Après dix-huit mois d’échanges et de concertation avec les élus, ce contrat crée le Fonds postal national de péréquation territoriale qui a pour but de garantir l’accessibilité, sur tout le territoire, du service public postal.

Il s’agit de traduire dans les faits les principes posés par la loi du 20 mai 2005 : moins de 10 % de la population d’un département ne devra être éloignée de plus de 5 kilomètres ou de plus de 20 minutes de voiture d’un point postal. Les 17 000 points de contact actuels permettent de respecter cette obligation.

L’objectif est de proposer un service public adapté aux rythmes de vie et aux évolutions de la société grâce à des solutions innovantes, diversifiées et équilibrées.

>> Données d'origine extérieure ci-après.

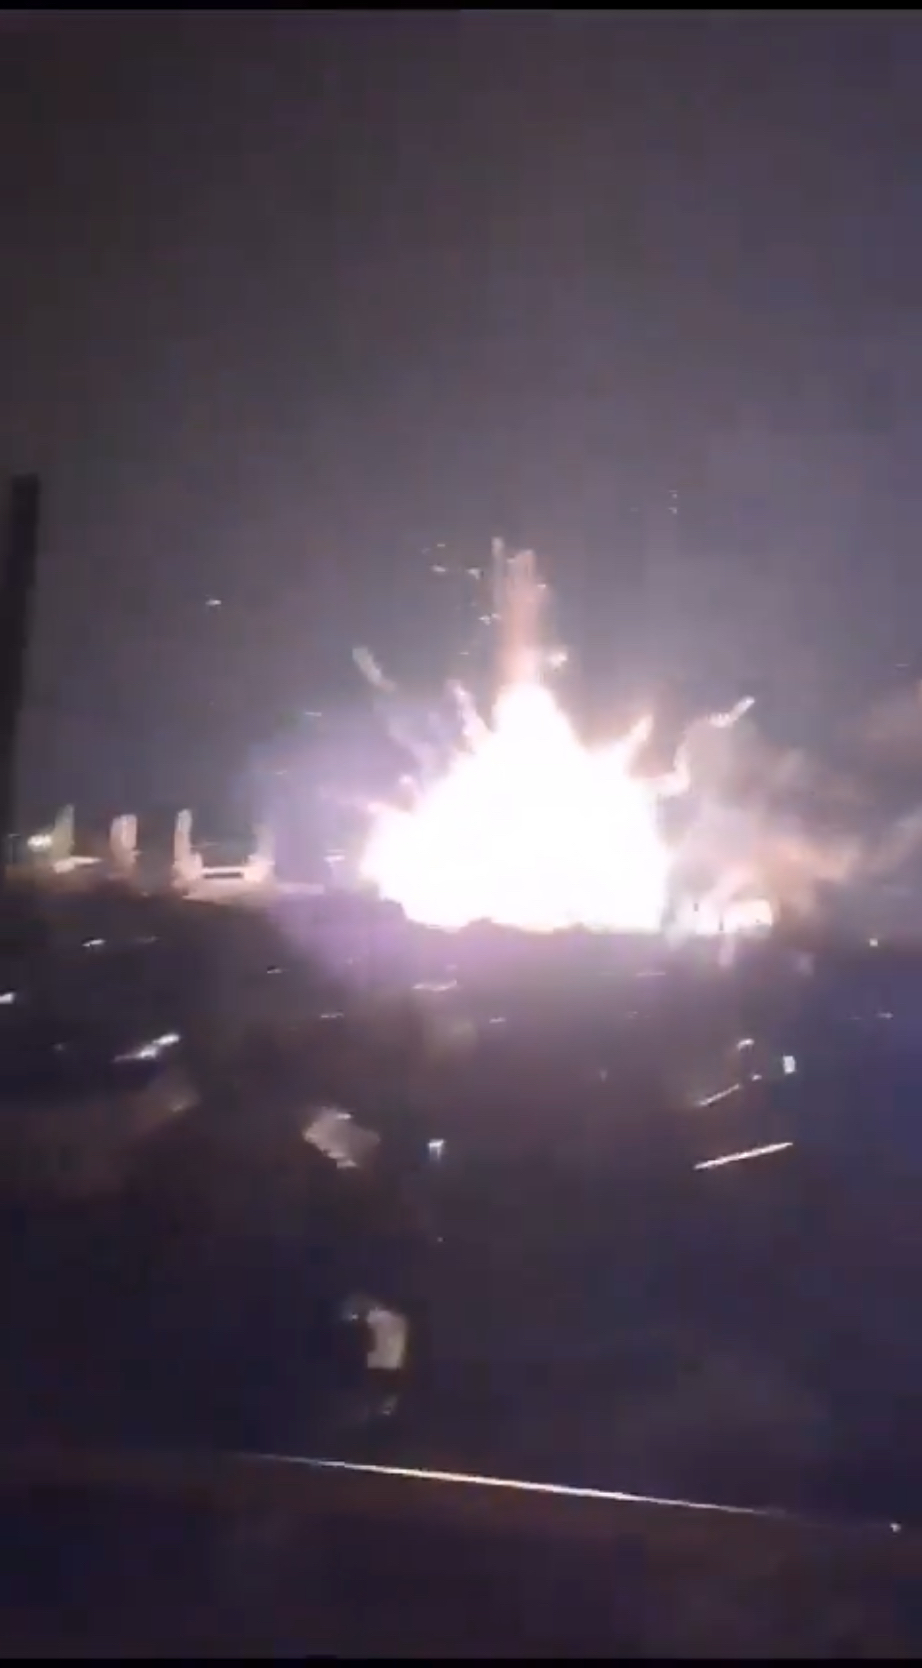 网传影片显示“新切尔卡斯克号” （Novocherkassk）爆炸的一刻。X

Un effort particulier sera ainsi consenti au profit des communes situées dans les zones prioritaires : zones de revitalisation rurale, zones de montagne, zones urbaines sensibles et départements d’Outre-Mer. De plus, les 5000 agences postales communales et Relais Poste actuellement recensés seront confortés grâce au fonds de péréquation.

En charge de l’Aménagement du territoire, Jean-Louis Borloo rappelle l’importance de la concertation locale pour adapter le service postal aux besoins du public. Ainsi, les éventuelles évolutions des points de contact feront l’objet de discussions approfondies avec les élus au sein des commissions départementales de présence postale territoriale qui comprendront systématiquement un représentant de l’Etat.